When I was a grad student, I took a model theory class. Model theory is a branch of mathematical logic that deals with the meaning of symbols (in part). There were about a dozen of us in the class and half we CS PhD students and the other half were Math PhD students. The first part of the class was filled with pretty heavy set theory and the CS students were struggling. The next part however, was much easier for the CS students than the Math majors. I remember one class where the professor was introducing the idea that symbols and their meaning were separate. He made the point that the + symbol doesn't mean addition. One math major with a very perplexed look on his face said "that doesn't make any sense!" He'd never considered that the symbols and their meaning were separate
Computer scientists have long dealt with the issues surrounding the meanings of symbols. We're very comfortable with syntax and semantics. Every time we learn a new programming language, the task is building a mental model of what the syntax means. The symbol grounding problem that Jon mentions is the same problem. Computer science does syntax very well and XML is a great example of that. Semantics is tougher. Unfortunately, most of the work in semantics is not accessible to an undergraduate computer science major because of the complex mathematics involved. Also, some of the best books on the subject, like this one by Mike Gordon are out of print.
When students ask me why they ought to get a CS degree when they already know how to program, XML is one of my favorite examples. The concepts behind XML are pretty well understood CS theory. There's a lot of work turning that into a practical system, but the theory's years old. Having a solid grounding in CS theory is very helpful in understanding new things. 20 years ago it was object-oriented programming. Now, its XML. I'm sure it will be useful when the next new thing comes along.
My understanding of namespaces, which is admittedly not based on extensive study, is that they serve three purposes
- They eliminate symbol clashes.
- They potentially ensure that when we see a element we can tell if its the same element as the one with the same name in another document.
- They potentially give us more information about what the author of the XML in a particular namespace expects that tag to mean
The first purpose is important from a practicality standpoint. For example, if I write:
you can distinguish it from other <creator/> elements used in that particular document. These other elements with the same name might be distinguished in their own namespace, or they night be in the "null" namespace, which I prefer to empty (after all, its not empty if its got elements in it). :-)

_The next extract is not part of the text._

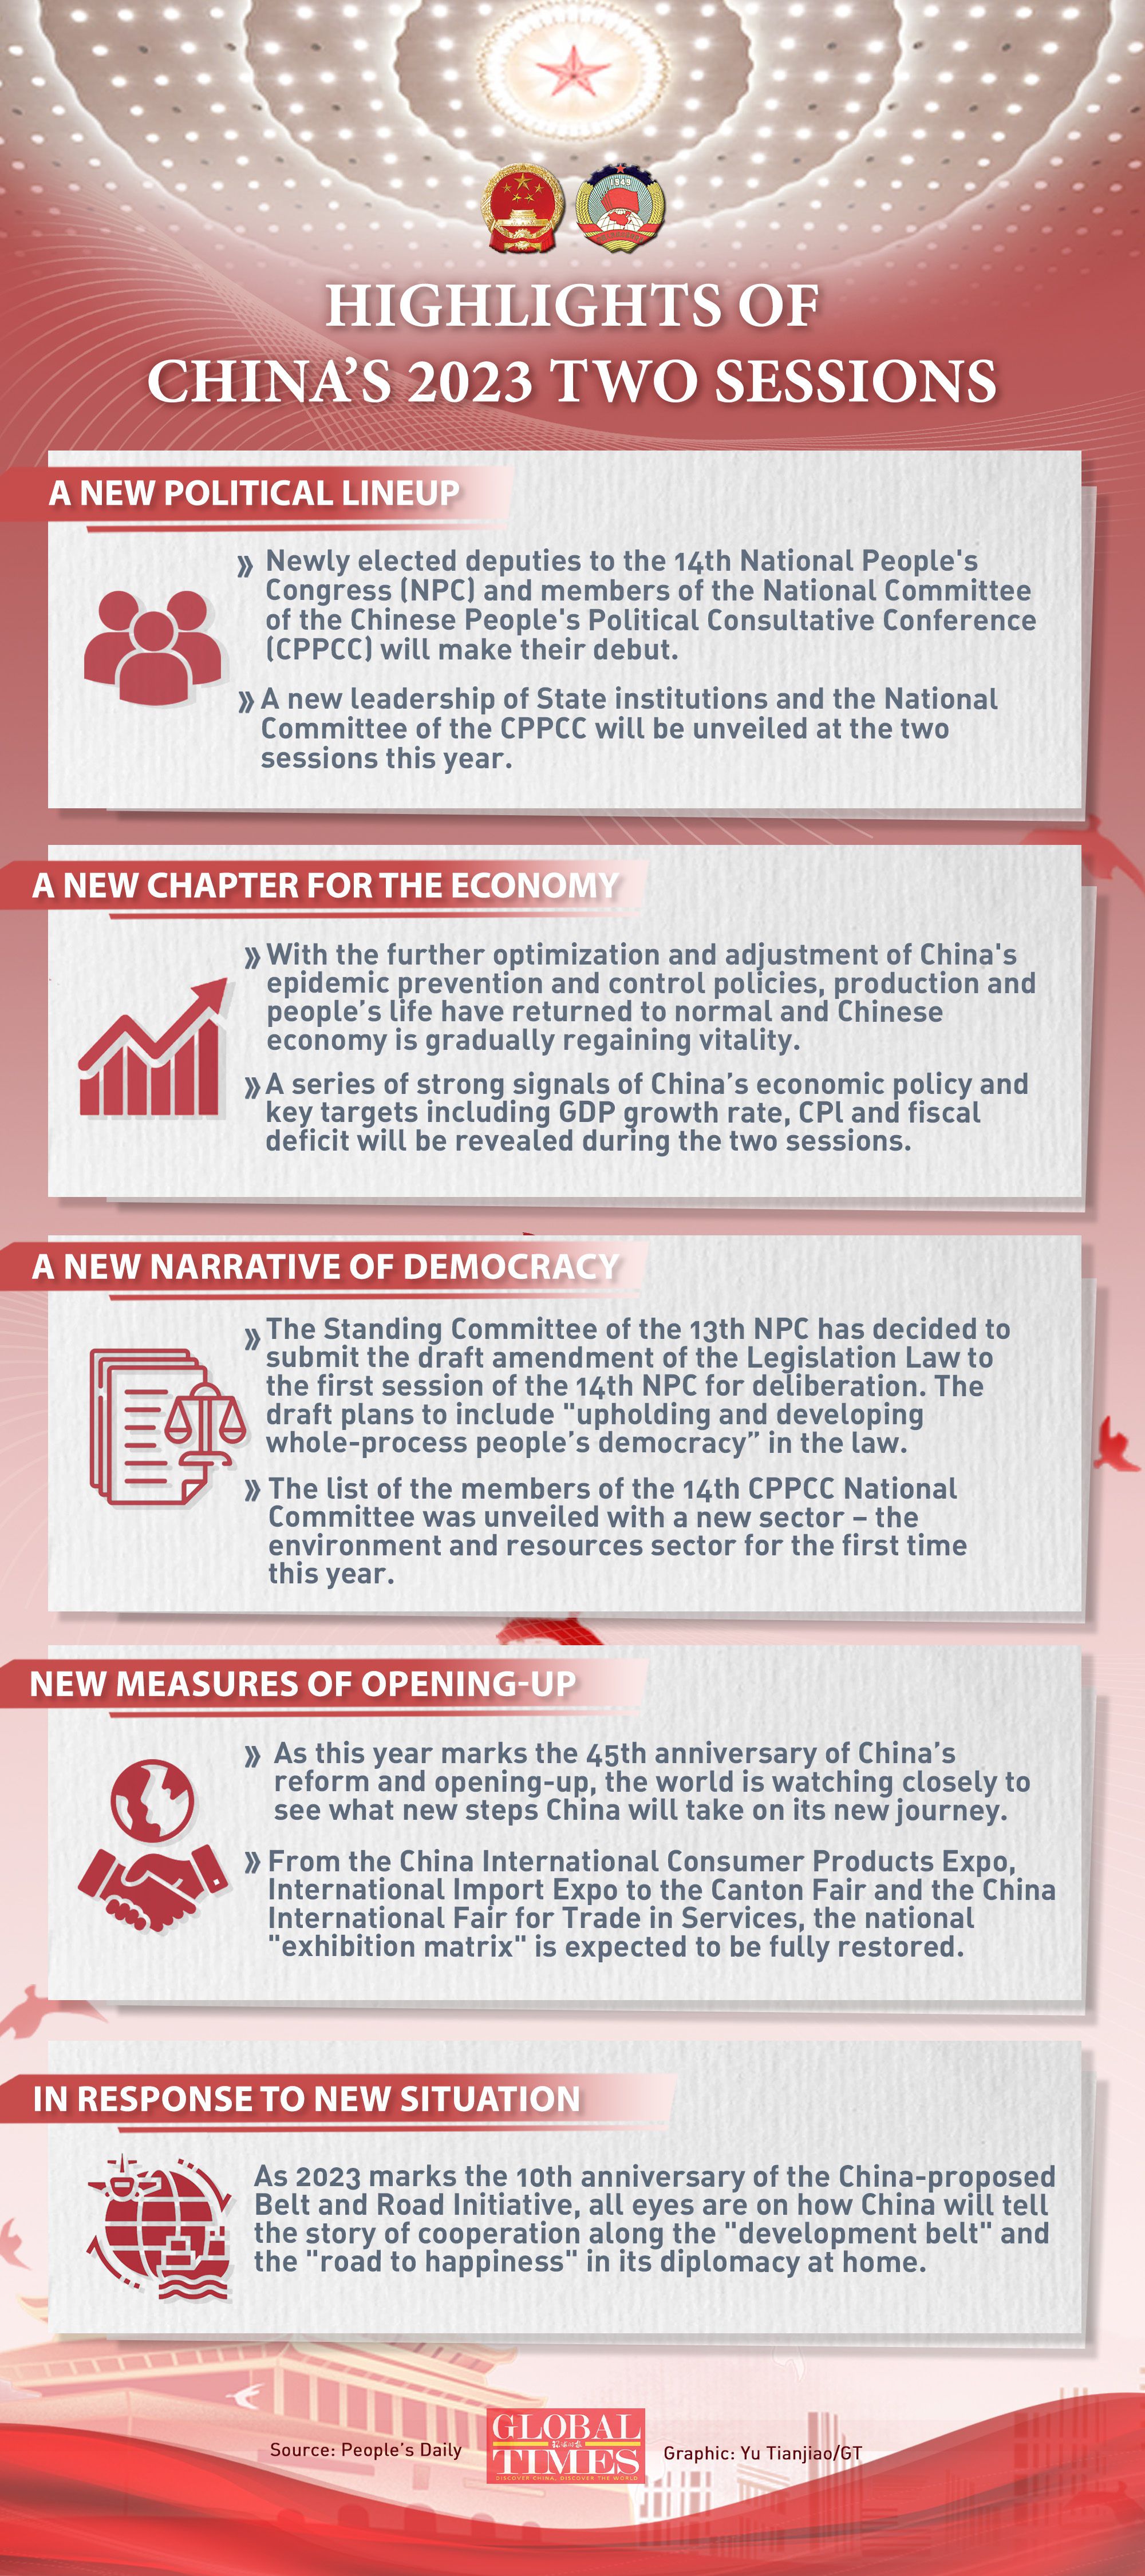 Newly elected deputies to the 14th NPC and members of the CPPCC National Committee will make their debut at this year's “#TwoSessions,” the biggest annual gatherings in China's political calendar, which will kick off this weekend. Here are the highlights of the event:

The second purpose is about symbol equality across documents. When we use <dc:creator/>, we use it in a context where dc has been grounded by referencing a URL. That URL has to be unique, but it doesn't have to actually point to something. If it is a null URL, then we've achieved the purpose of making the elements in the namespace unique. We've also achieved a second important goal, we've ensure that when you say <creator/> and I say <creator/>, we're talking about the same tag if we ground our namespace in the same URL.
The third purpose is really what Jon's been wrestling with. When I see <creator/> how do I know what it means? As Jon has pointed out, this is where things get tricky. When we use the word "means" we usually think of some rigorous, complete definition. Its fairly easy to see how namespaces might provide us with more metadata and thus increase the information we have available to us about any given XML document. Its much harder to imagine that machines will be able to divine the meaning of the document no matter how much metadata you include.
Yet, its precisely this latter concept I hear when I listen to people talk about the semantic web. I'm with Jon, "If the RDF folks have really solved the symbol grounding problem, I'm all ears." I'll be satisfied, however, with better representations for metadata and good tools for processing it.